| > IMO, no. The language is still near the bottom for both dynamic and "static" typed languages. Why do you say that? It's faster than Python and Ruby for most cases, still extremely simple to deploy, the package manager (Composer) is very predictable and easy to deal with compared to Pip or Rubygems, the documentation is good, etc. It has clean lambda functions that you can pass around easily and has for more than a decade. Type hinting has been in place for a long time, too, as have enough OOP / reflection constructs to do just about anything you'd reasonably want to do in a language aimed primarily for web development. The only downside of PHP that I can still point to is that it's sometimes hard to remember the function parameter order for some of the common string and array functions. Far from a dealbreaker, that. |
it spawns a new php interpreter for every request, which means for example that symfony framework setup (routes, controllers, service dependencies...) have to run before every request. Sure it does that faster than python, but python only needs to do this once.
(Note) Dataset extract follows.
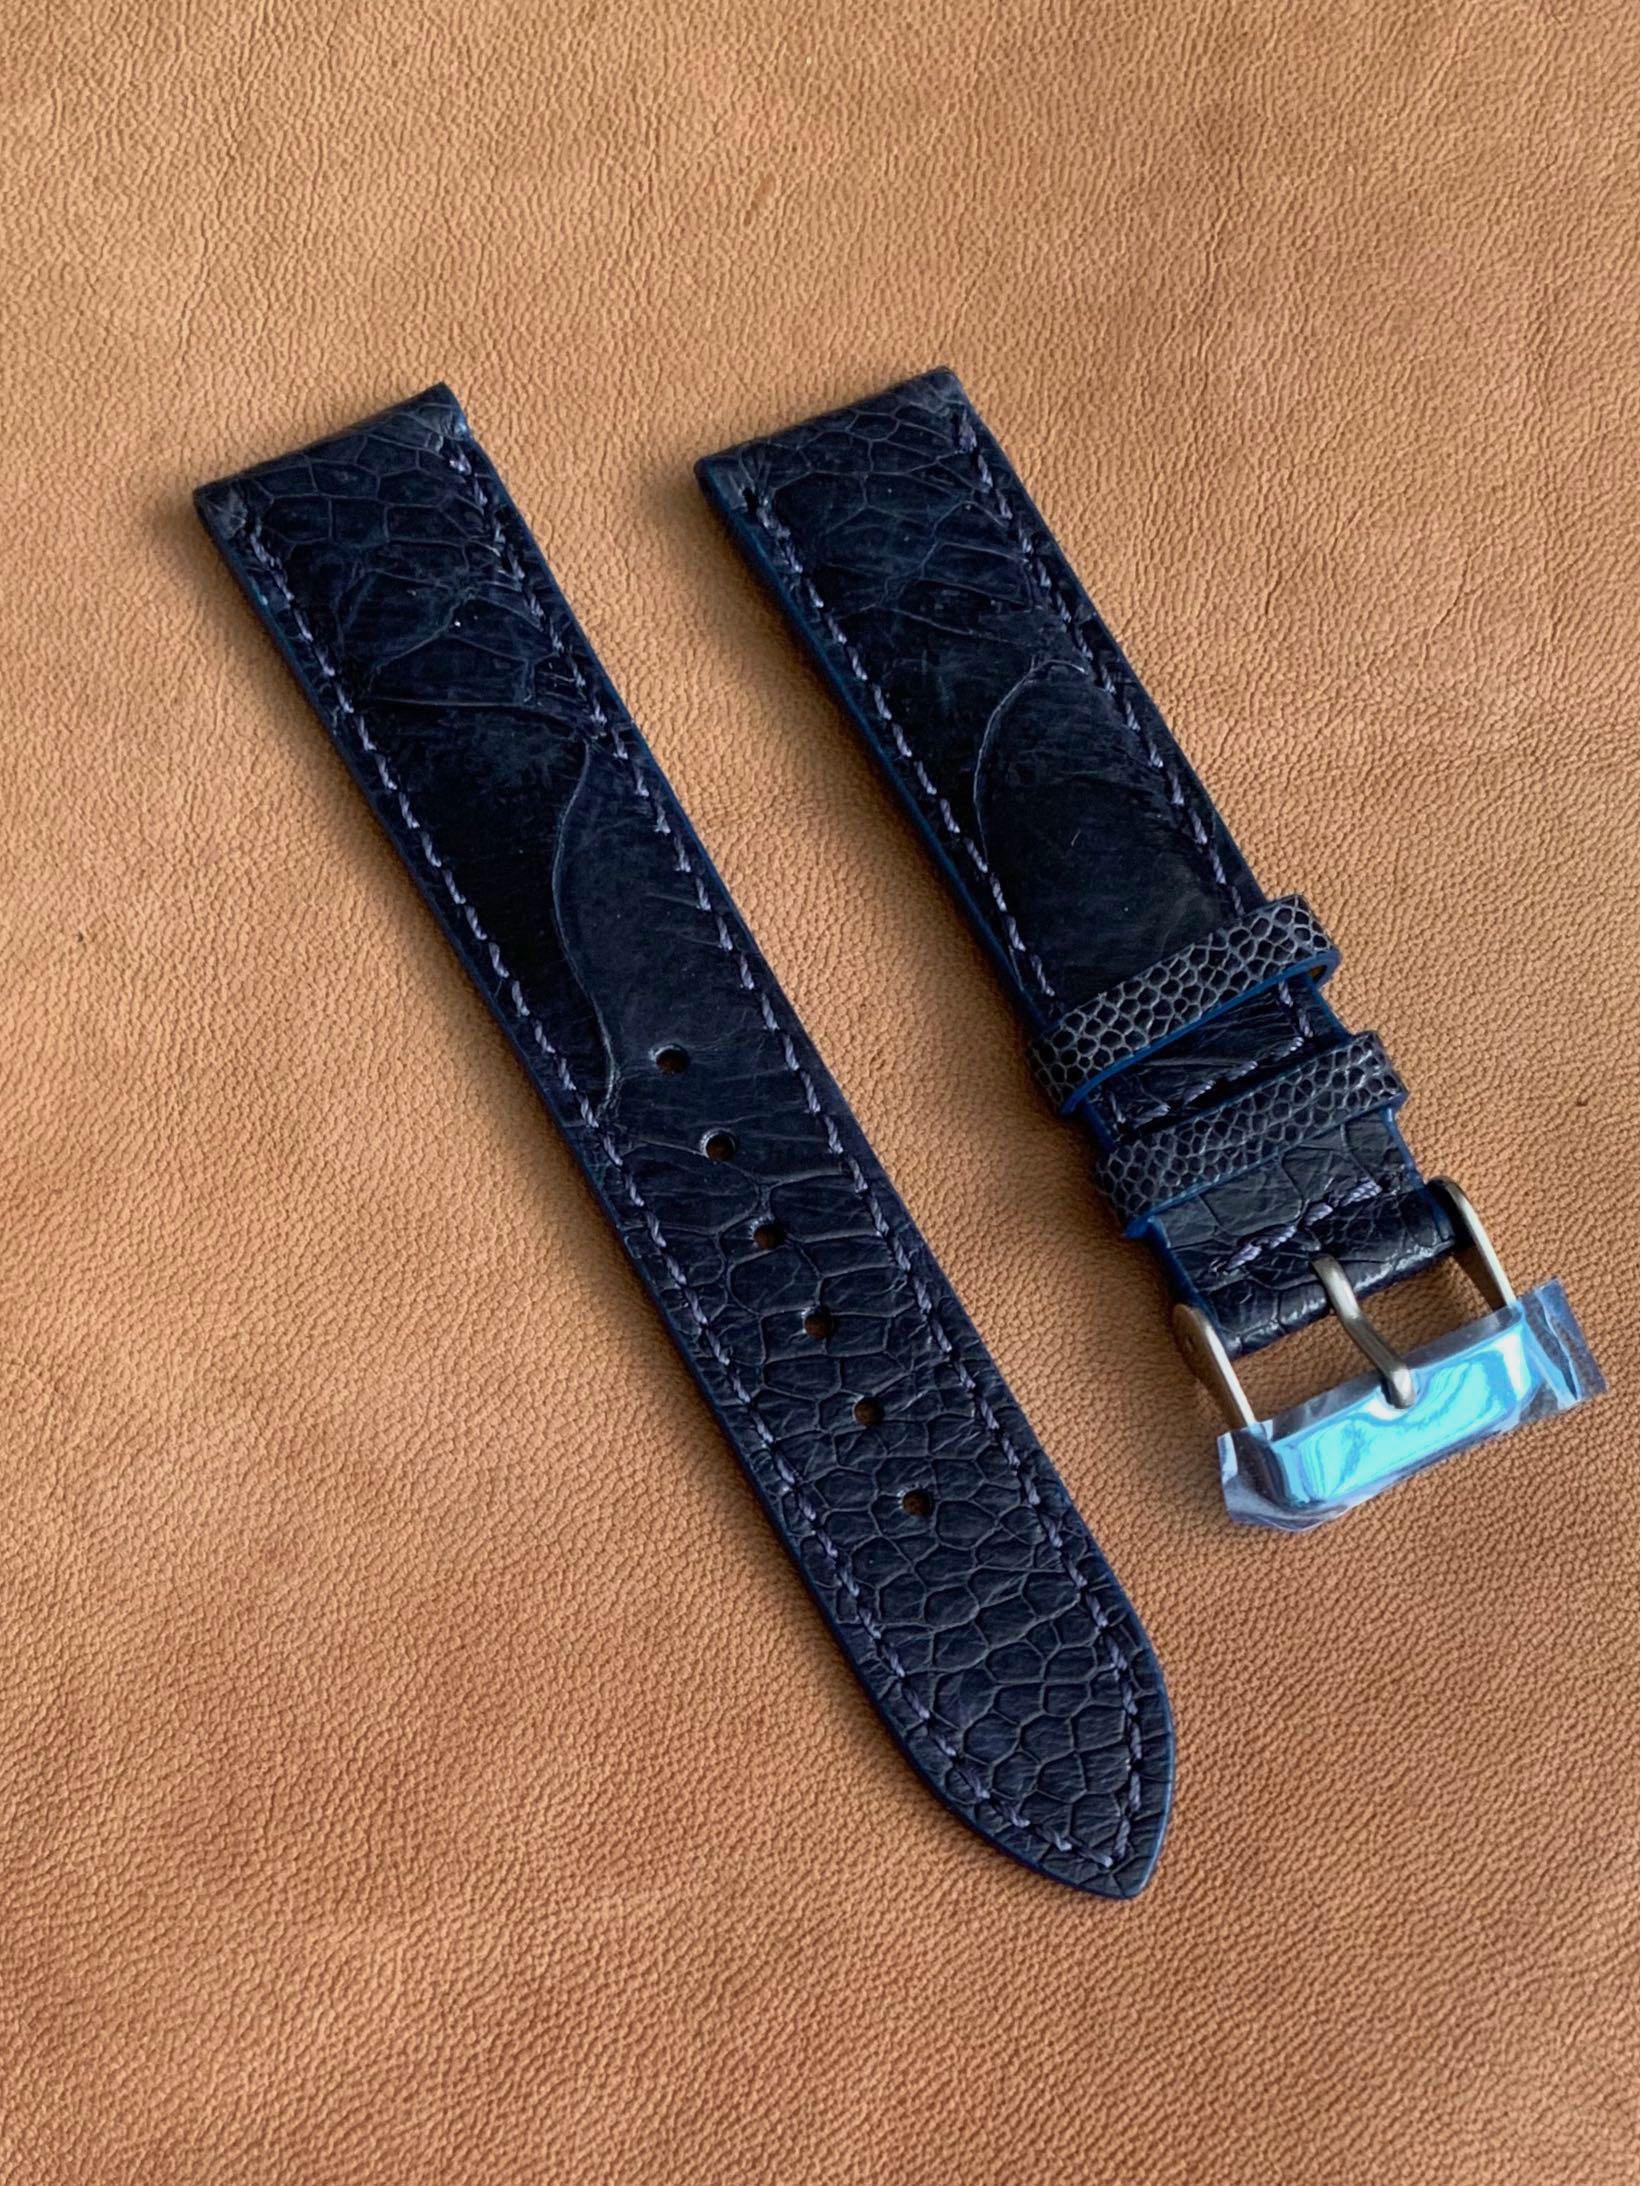 20mm/18mm Dark Blue Ostrich Leg Watch Strap (big scales and with stitching ) - 20mm@lug/18mm@buckle  20mm/18mm (LAST PIECE! 😊- one already sold! 👍🏻)

deployment is my personal nightmare. try to set the max children or whatever so concurrency is ok but memory does not run out. I mean facebook did it so it has to be possible but damn, that was hard to get `right`. Setting up logging is a mess. There is the application, the admin and the fpm error log, I gave up trying to have every log event logged exactly once. Segfaults are a common occurrence, still. I heard it mentioned just before leaving for vacation.